A2: はい、応募する企業とポジションが同じであれば、履歴書、職務経歴書、その他の提出書類(ポートフォリオなど)をまとめて送る場合、送付状は1通で問題ありません。その際は、「記」書きの部分に同封書類を全てリストアップしましょう。
Q3: 応募書類を直接持参する場合、送付状は必要?
A3: 応募書類を企業に直接持参する場合、基本的には送付状は不要とされています。ただし、受付で担当者に渡す際に、封筒に入れて渡すのが丁寧な印象です。その際、封筒の表面に「応募書類在中」と記載し、裏面に自分の住所・氏名を書いておきましょう。

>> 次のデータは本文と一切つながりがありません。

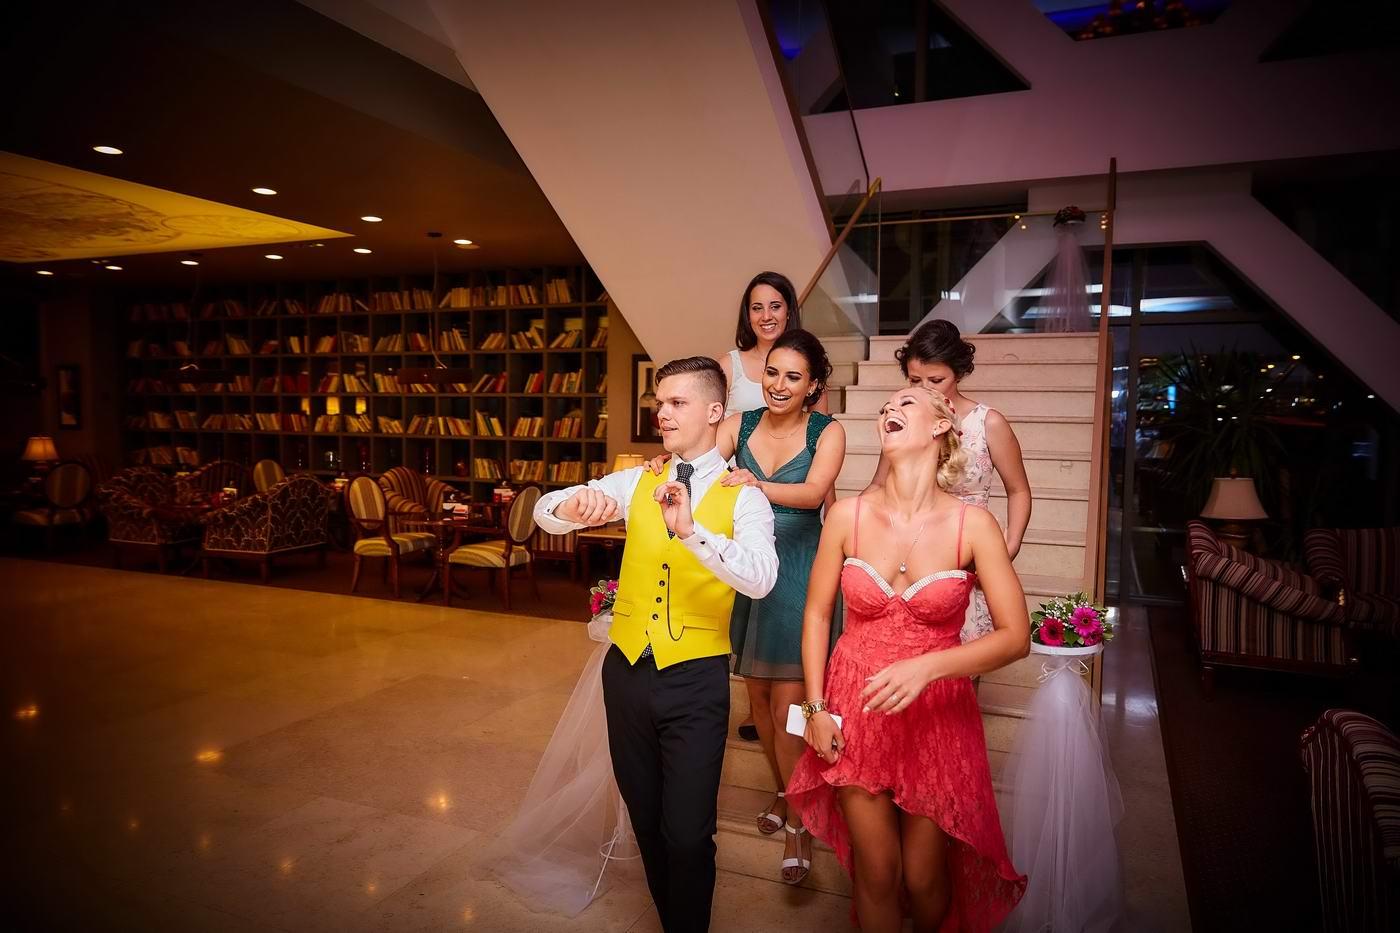 Wedding Day Photos Brasov (125)

まとめ:丁寧な送付状で、好印象を与え転職成功へ繋げよう
転職活動における送付状は、あなたの第一印象を形成し、ビジネスマナーを示す上で、決して軽視できない重要な書類です。履歴書や職務経歴書の内容はもちろんのこと、この一枚の送付状にも心を配ることで、採用担当者にあなたの誠実さと熱意がより深く伝わるはずです。
基本的なマナーを守り、丁寧な言葉遣いを心がけ、そして何よりも「この会社で働きたい」というあなたの想いを込めて作成してください。この記事が、あなたが自信を持って送付状を作成し、転職活動を成功させるための一助となることを心から願っています。